Мы спустились в трюм, где я сам отвязал и приподнял край брезента, показав нижнюю часть статуи Аполлона.
Квинт Лутаций Катул осторожно, будто покойника, потрогал ногу статуи, а затем попробовал приподнять ее.
— Тяжелая! — с радостным удивлением воскликнул он.
— Пригоняй арбы и забирай, — предложил я.
— Не здесь! — испуганно произнес претор. — Отвезете к моему имению. Я пришлю своего человека, он покажет, где пристать к берегу.
— Как скажешь, — не стал я спорить и напомнил: — Потребуются две арбы.
— Тесть писал, что везли на трех, — возразил Квинт Лутаций Катул.
— По уговору треть принадлежит нам, — сообщил я. — Зачем ее возить туда-сюда, привлекать чужое внимание?!
— Приплывет тесть, с ним и решите этот вопрос, — произнес не очень уверенно претор.
— Мы уже решили и выполнили свою часть уговора, так что получим и свою часть оплаты, — отрезал я. — Если Квинту Сервилию Цепиону не понравится, мы решим этот вопрос лично с ним.

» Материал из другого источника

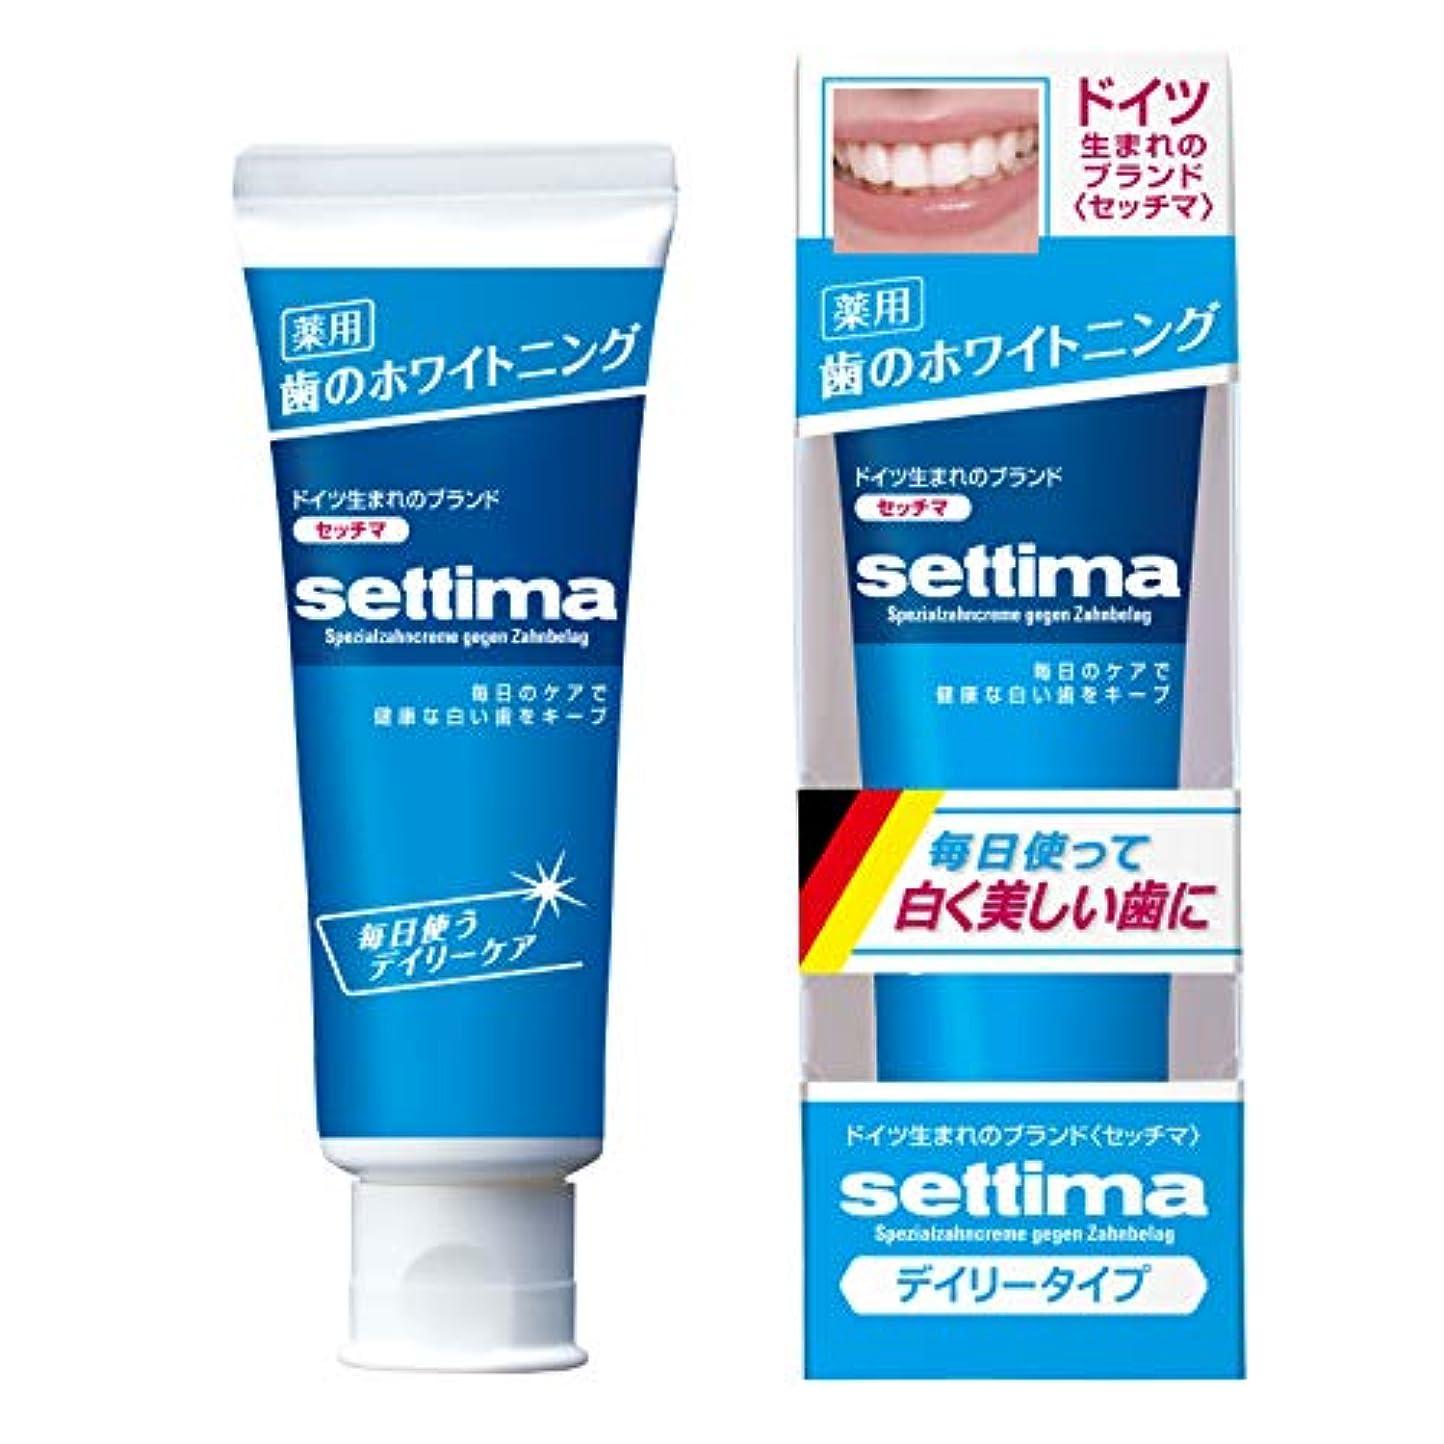 幹気がついてフィッティングsettima(セッチマ) ホワイトニング 歯みがき デイリーケア [ファインミントタイプ]  80g

По уговору будем ждать его здесь. Он должен выдать дипломы членам экипажа об окончании службы и получении римского гражданства и по десять югеров земли.
— Да, он писал мне об этом, — подтвердил Квинт Лутаций Катул.

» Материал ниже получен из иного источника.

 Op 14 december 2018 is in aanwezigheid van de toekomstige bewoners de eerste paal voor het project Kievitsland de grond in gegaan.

Чтобы поменять тему разговора, я решил прояснить возникающую при упоминании его имени непонятку:
— Твой когномен у меня почему-то ассоциируется с поэзией. Ты не пишешь стихи?

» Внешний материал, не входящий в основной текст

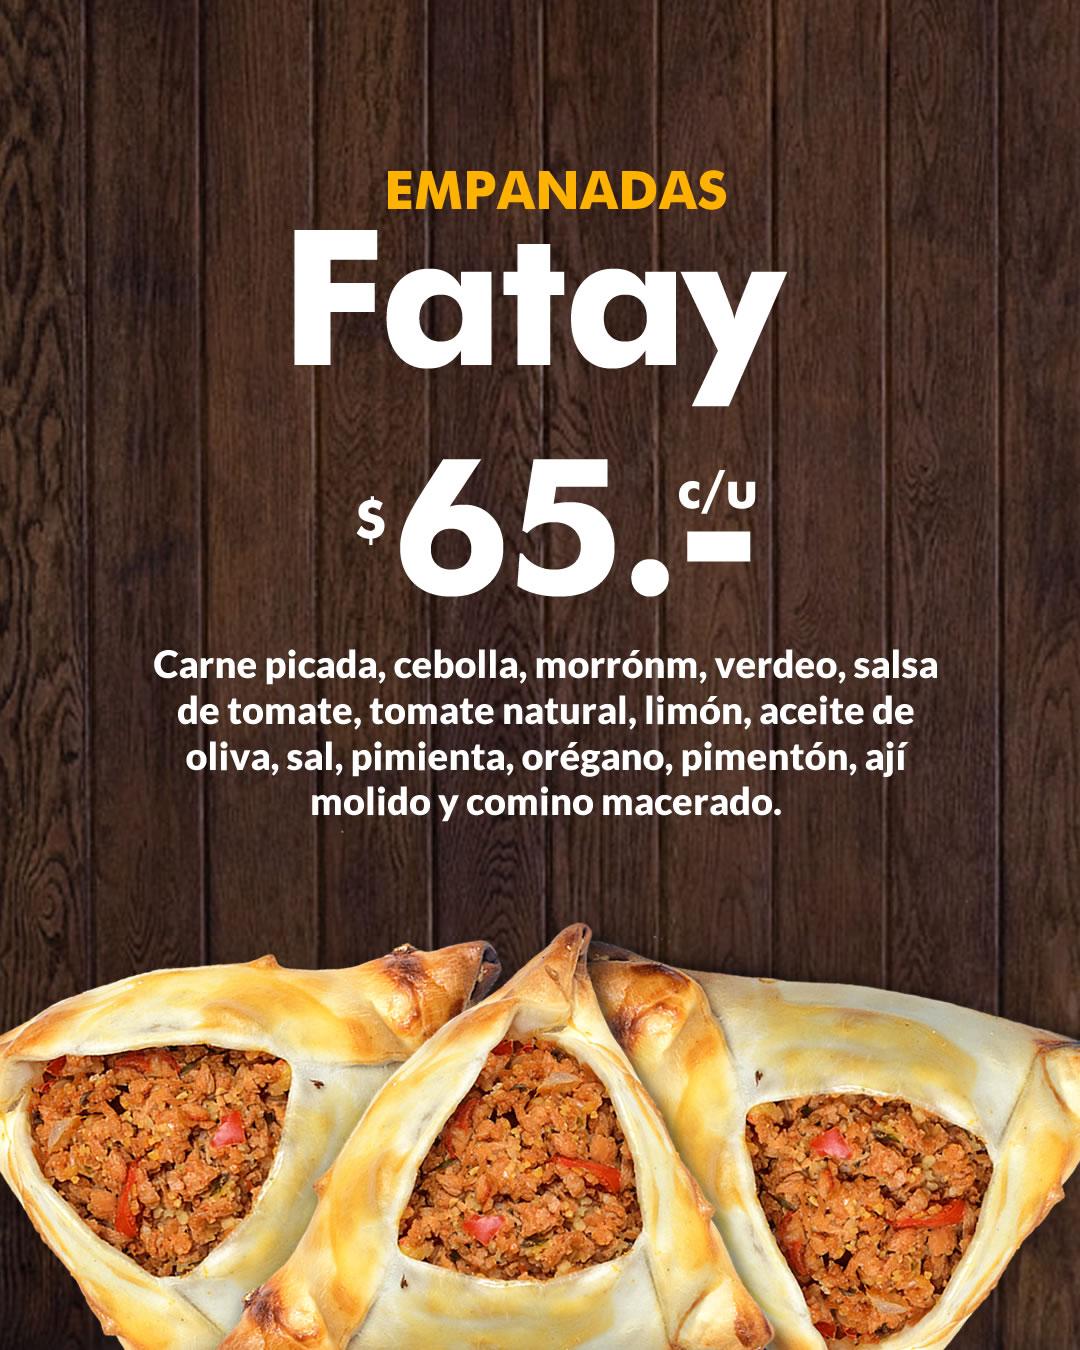 empanadas fatay

— Кончено, пишу! — радостно воскликнул он, сразу позабыв о золоте. — Ты тоже любишь поэзию?
— Да, — произнес я, умолчав, что на двери моей комнаты в общежитии института висела табличка «Поэтам и крысам вход запрещен!».
Институтские рифмоплеты имели дурную привычку снестись среди ночи, а затем бегать по комнатам, чтобы прокудахтать человечеству свой шедевр, который имел ценность только в компании еще с девятью, как куриные. До утра такое важное события подождать не могло.
Римский от них ничем не отличался.
— Сейчас я прочту тебе свое последнее творение! — торжественно объявил Квинт Лутаций Катул.
Приосанившись и прочистив горло, он прокричал что-то о своей душе, которая улетела к какому-то Феотиму. Видимо, как и положено несостоявшемуся гению, был гомосексуалистом. При этом лицо поэта побагровело от напряжения, будто и в самом деле остался без души.
— Что скажешь? — закончив, спросил он и затаил дыхание.
— Очень искренне! — восхитился я.
В институте меня научили, что говорить поэту правду — смертельный поступок для одного из вас или даже для обоих. Говори, что стихи искренние: и не соврешь, в общем-то, и графоман обрадуется, и умные всё поймут.
— Приятно встретить в этой глухомани культурного, образованного человека! — обрадовался Квинт Лутаций Катул.
— Мне тоже! — не остался я в долгу.
В общем, расстались мы, по мнению поэта, лучшими друзьями.